Quelle importance accordez-vous à la collaboration
avec les journalistes ?
Une grande importance. On construit parfois
une relation de con昀椀ance, au point de leur réserver des informations. Quand la justice bloque,
la médiatisation permet de relancer les choses,
d’interpeller. Certains journalistes nous apportent
même des témoignages que nous n’avions pas.

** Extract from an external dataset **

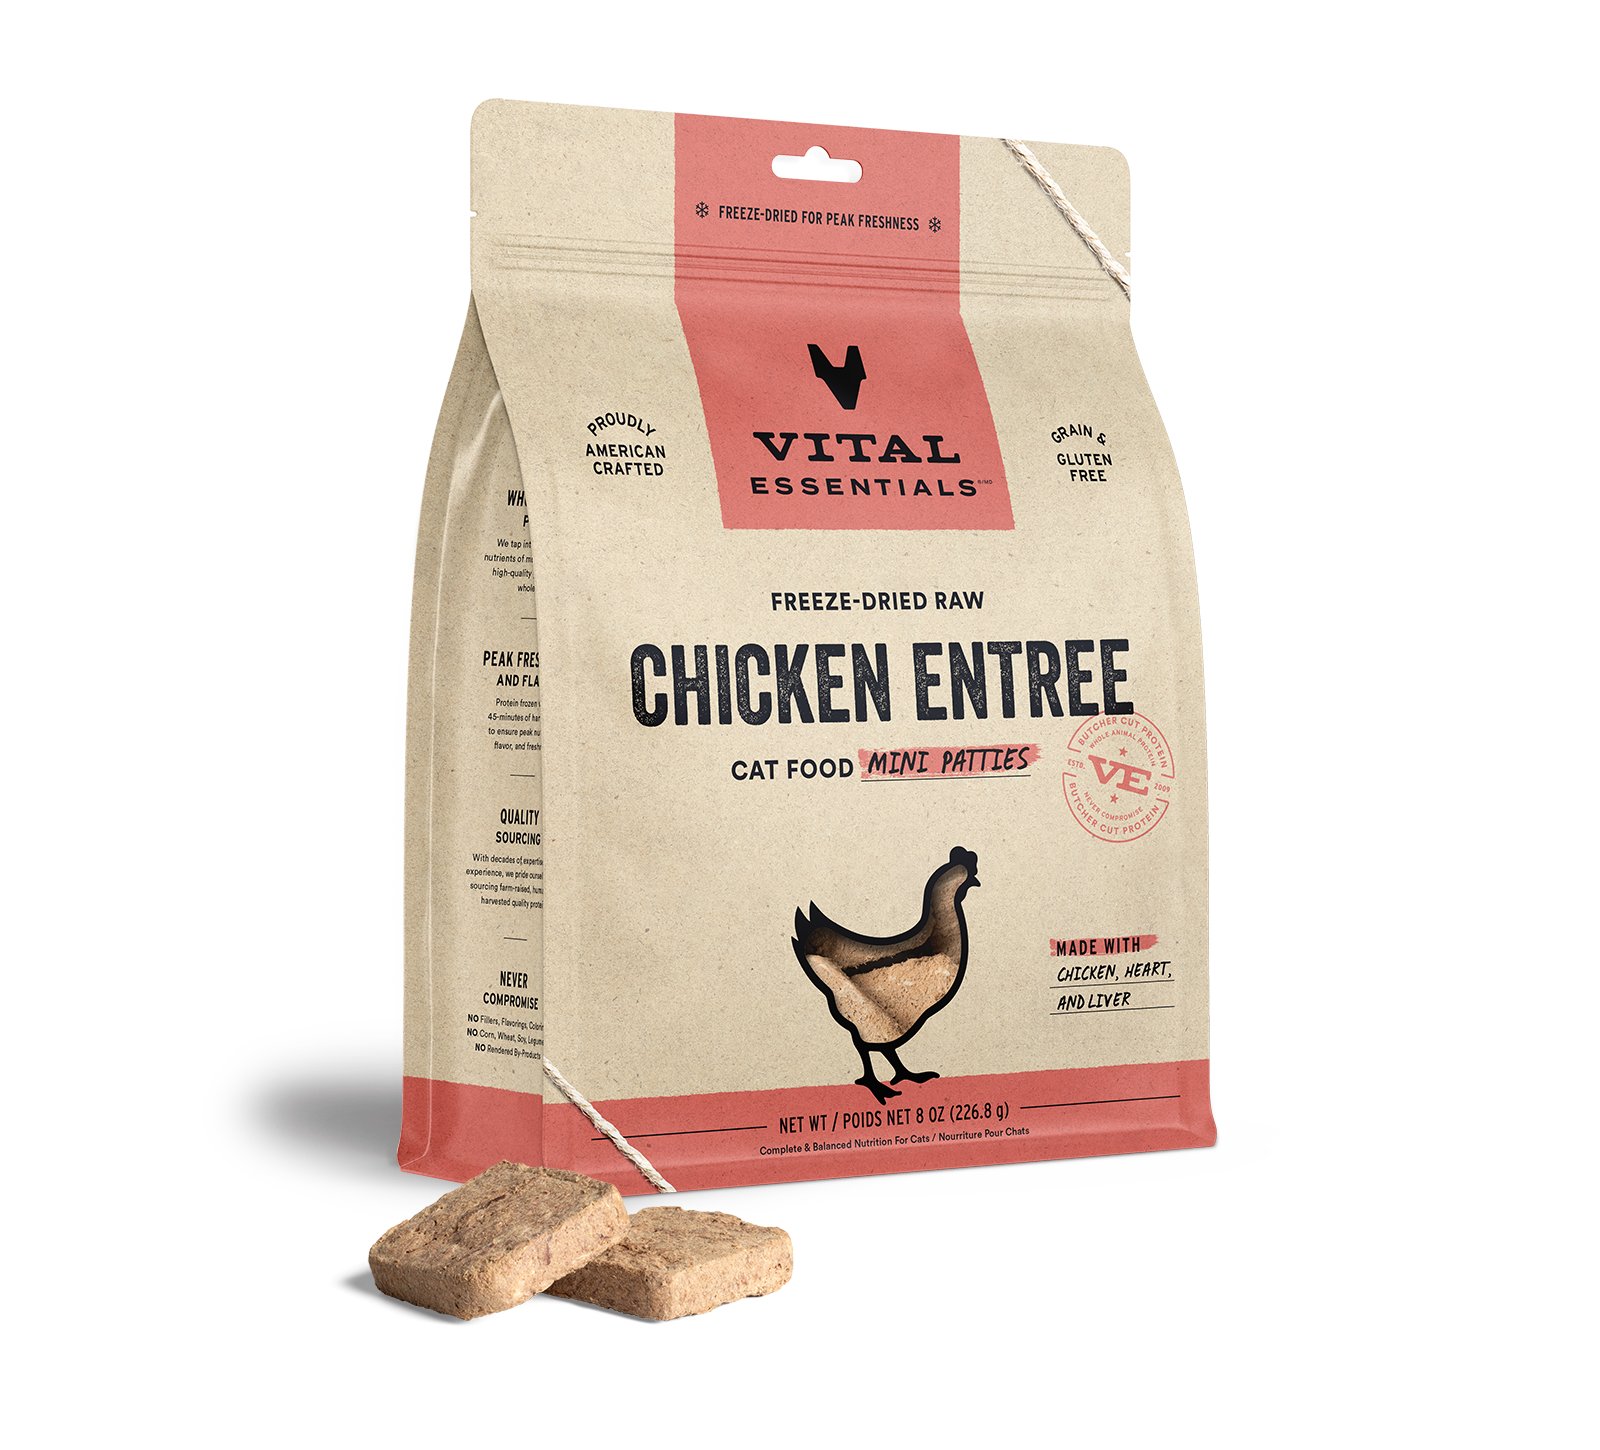 Vital Essentials Freeze-Dried Raw Chicken Entree Cat Food Mini Patties, 8 oz - Health/First Aid

Mais il y a aussi des dérives : la surmédiatisation, comme dans l’affaire Grégory, peut mener à
des drames. Certains journalistes manquent de
déontologie, allant jusqu’à acheter les photos des
familles pour ne jamais les rendre. Heureusement,
d’autres font preuve de respect et de délicatesse.
Notre rôle d’avocat, c’est aussi de conseiller les
familles sur les médias à privilégier.
Comment est née la création d’un pôle spécialisé
Cold Case ?
Par une conjonction de volontés. Avec le Procureur
général Dallest et Madame Kheris doyenne des juges
d’instruction à Paris très impliqués sur ces crimes,
nous avons convaincu le ministère de la Justice.
Éric Dupond-Moretti, alors ministre, avait luimême représenté une victime de Chanal, un tueur
en série, et avait constaté les lacunes du traitement judiciaire.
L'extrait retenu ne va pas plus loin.